Thursday, September 13, 2012

I will kick your ass. In 10 weeks.

I have wanted to take a self defense course for a while now. So, when my friend Nyeski (so weird that I have never mentioned her here) found a groupon for 10 weeks of self defense classes for like $35, we both jumped on it.

The introductory class was tonight. I expected to get an explanation of what to expect, maybe learn some simple things like punching and kicking. Oh boy was I wrong.

The groupon was slightly unclear. Slightly. Nyeski and I walked into a Krav Maga introductory course. Wherein we got our asses kicked. 

Krav Maga is the fighting technique used by the Israeli army. It is definitely self defense. The basic premise is to fight until you can get yourself out of the situation and safe. And they mean fight. There is no fucking around with pepper spray and tazers.

I spent at least 20 minutes mounted over Nyeski (and she me) while we flipped each other off. 

My knuckles look like, well, I got in a fight. I have found 4 bruises so far. BIG bruises. 

I learned how to fight away from under someone. From over someone. How to kick someone so hard that it breaks their pelvis. Or dislocates their hip. I learned how to punch. I had no idea how to punch. I grabbed a total stranger and kneed him repeatedly (into a cushy mat he was holding.)  

I hate violence. That's not what this is. One of the first things he told us was never to use these techniques to start a fight. To never be the cause of violence. Simply to hone what we would instinctively do, so when attacked or in an unsafe situation, we can get away and get safe. 

And you guys, IT WAS SO FUCKING AWESOME. I hate working out. I tolerate running. I tolerate other work out methods. This? This I would do every day. Well, no I wouldn't. Because tomorrow I am fairly certain I will never be able to move again. The groupon included 10 weeks of classes and if I continue to like it as much as I do, I will probably discuss with the boy a way to join permanently. I liked it that much. 
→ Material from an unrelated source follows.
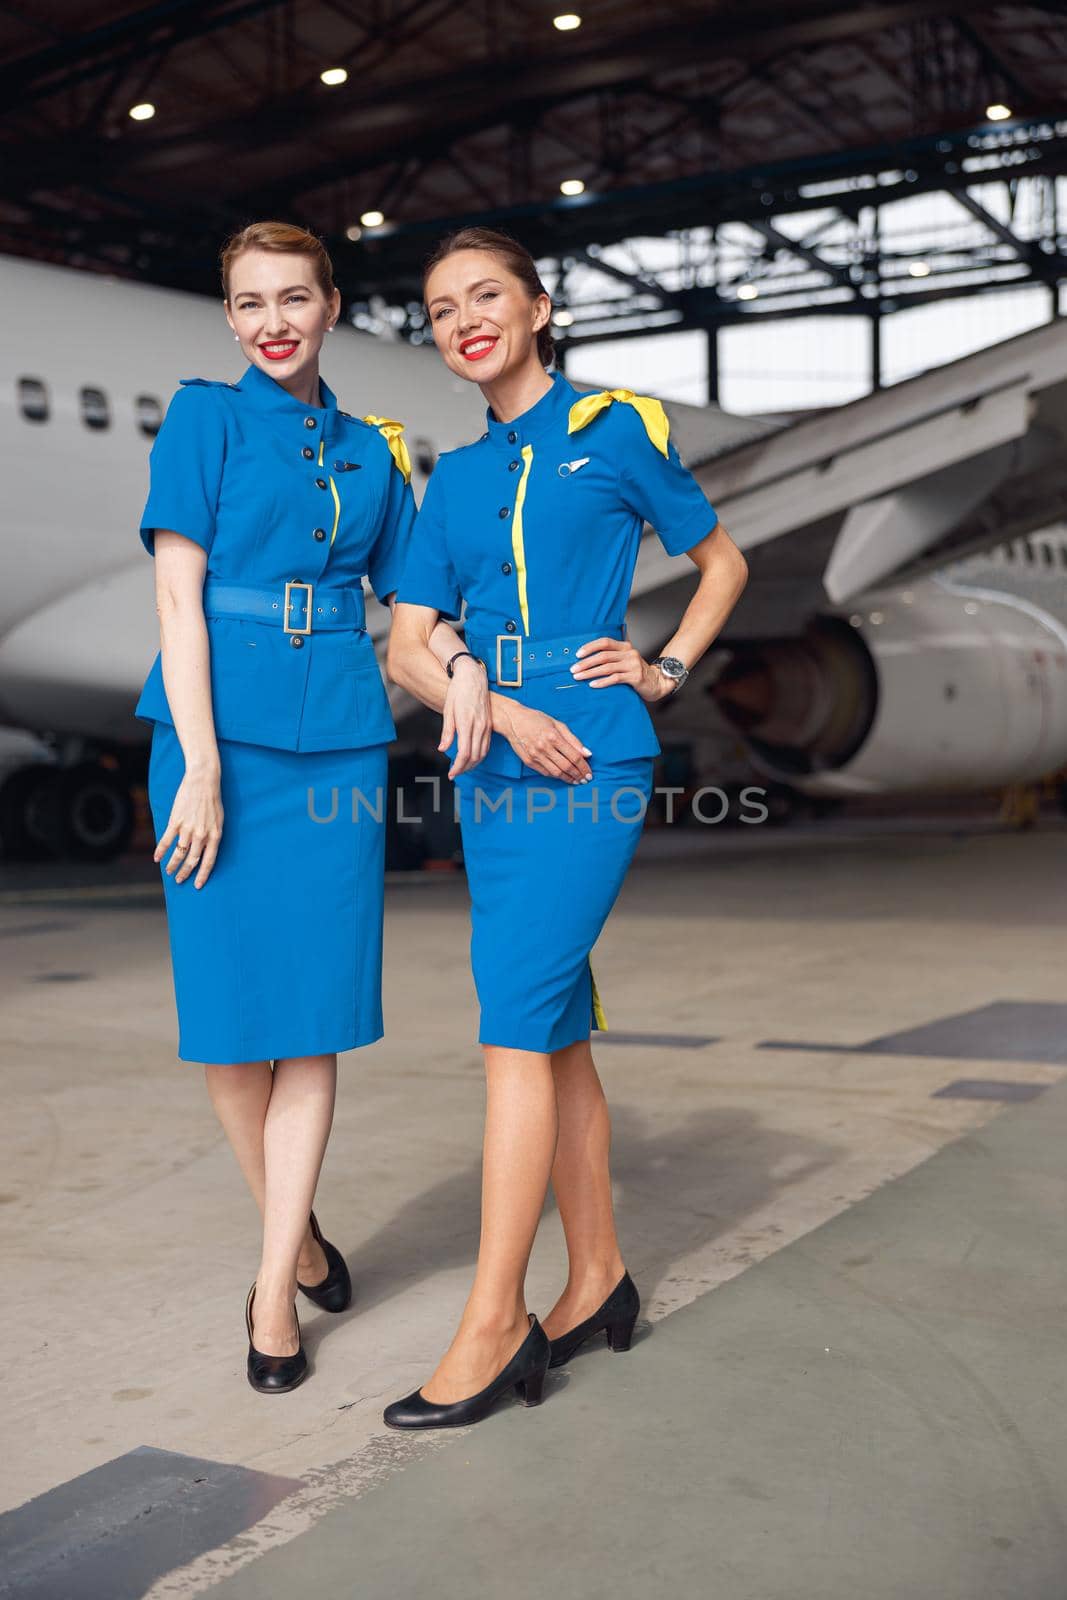 Full length shot of two air stewardesses in stylish blue uniform smiling at camera, standing together in front of passenger aircraft in hangar at the airport. Occupation concept
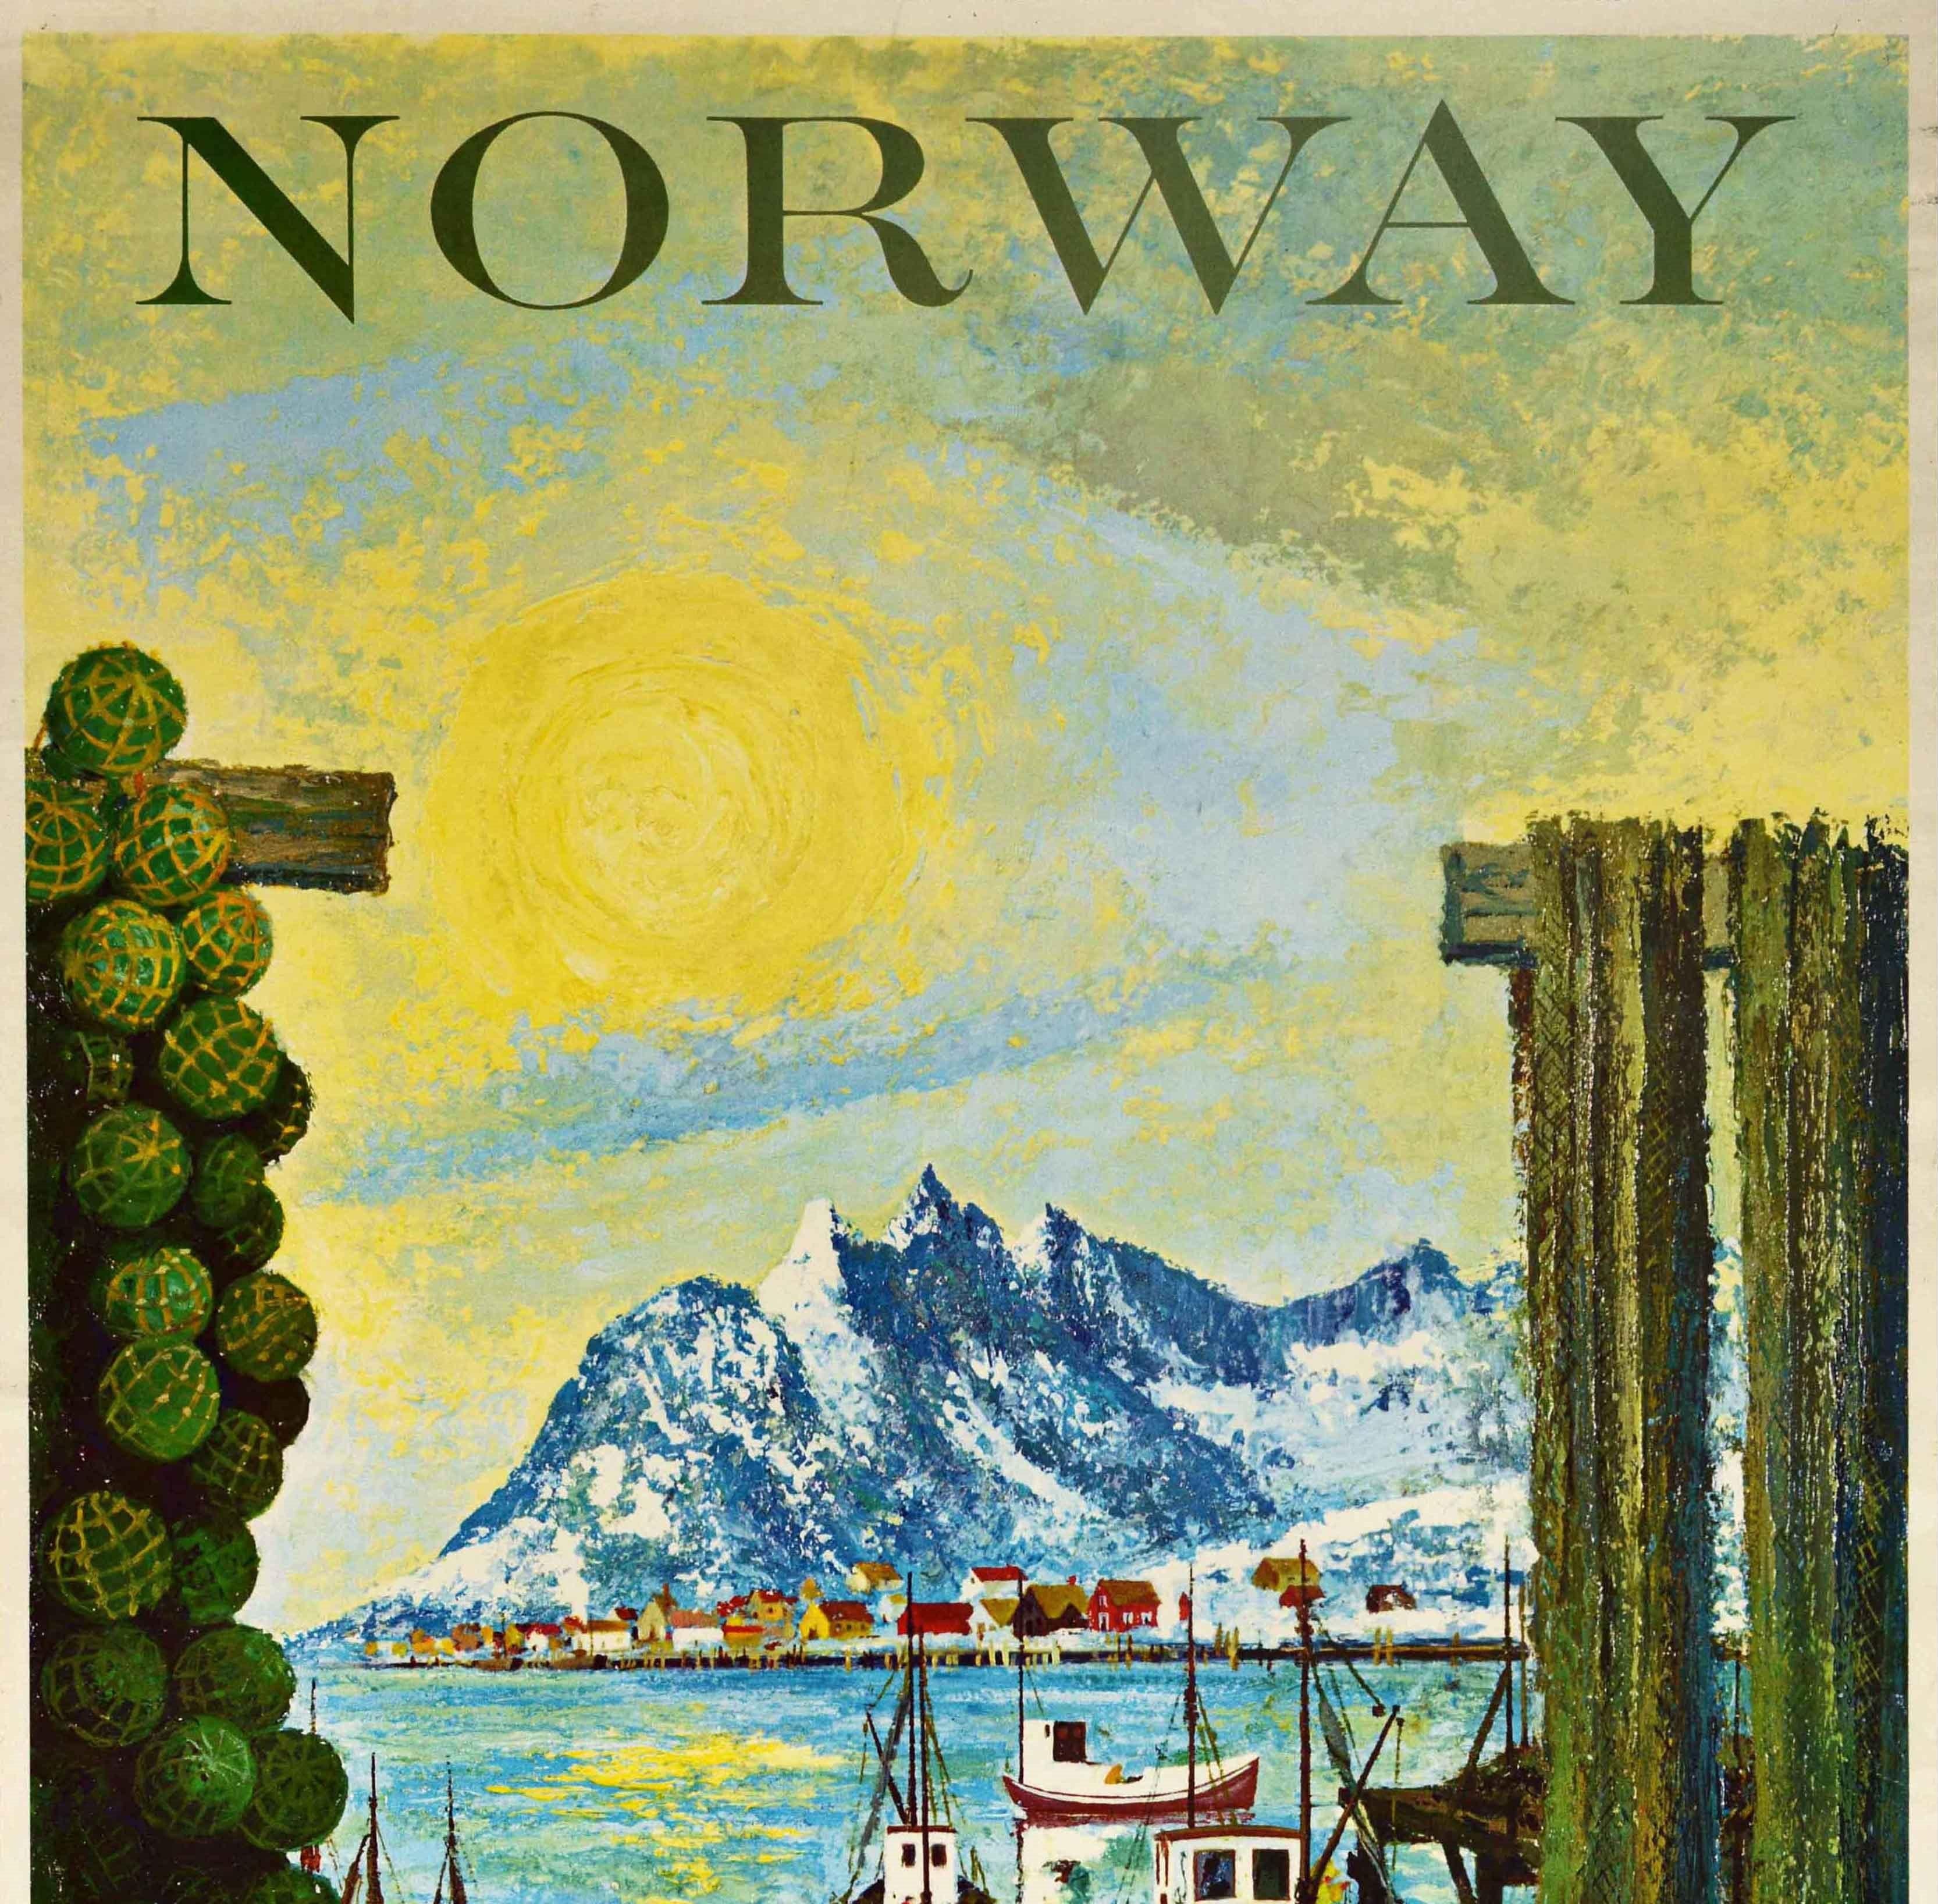 Original vintage travel poster promoting Norway as a tourist destination featuring a great illustration of boats on a shore and fishing ships on the water by a pier, a little fishing village in the snow in the distance, sharp mountain peaks of the

An added bonus was that it was probably the best workout I have had in a really, really long time.

He said to only do what we could and I managed to keep up the entire time, until right at the end, when I quite literally ran out of steam. During the kneeing the total stranger exercise. Who actually asked if I was OK. Which I was. Barely. 

I can't wait until next Thursday. I am kind of dreading tomorrow when all of the soreness comes out and I collapse in a giant puddle of ouch. But, it will be that delicious soreness that means you worked your ass off.